- _Your instructions_: For the data below, give again exactly the lines from the one containing "Affordable Housing Needs" through the one containing "Item Ultra Pro", both ends included, and no others.

- _Material provided_:
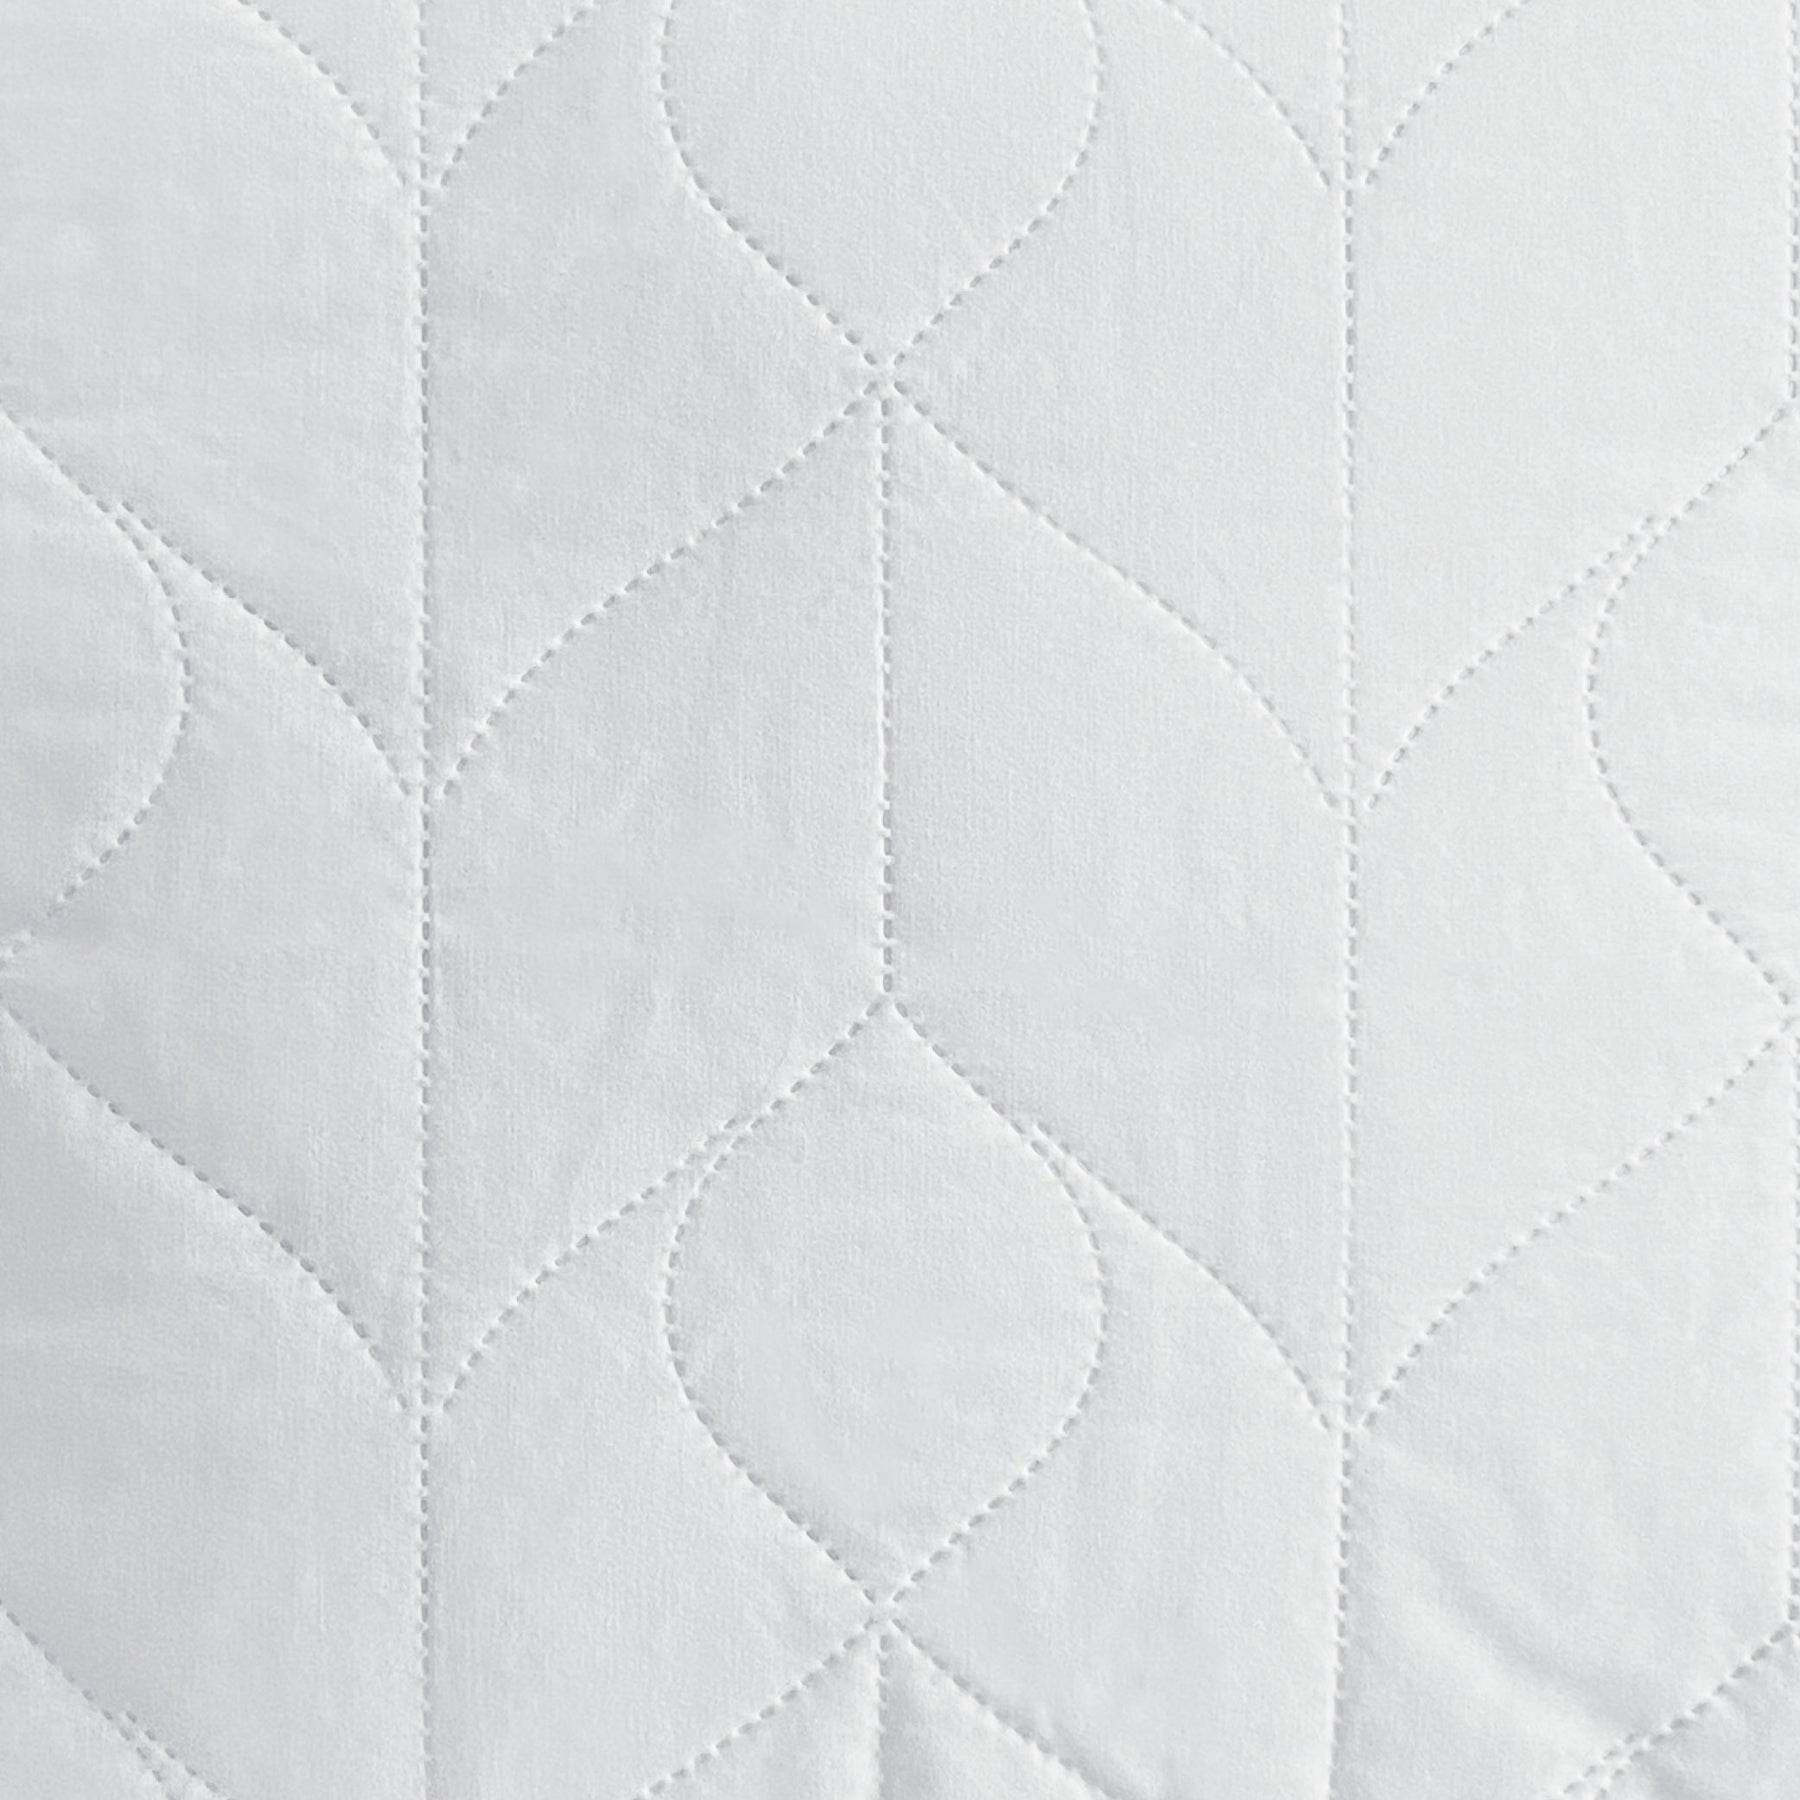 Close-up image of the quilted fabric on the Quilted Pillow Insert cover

--

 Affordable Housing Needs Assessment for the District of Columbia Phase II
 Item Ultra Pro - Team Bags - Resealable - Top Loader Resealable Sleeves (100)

- _Solution to this exercise_:
 Affordable Housing Needs Assessment for the District of Columbia Phase II
 Item Ultra Pro - Team Bags - Resealable - Top Loader Resealable Sleeves (100)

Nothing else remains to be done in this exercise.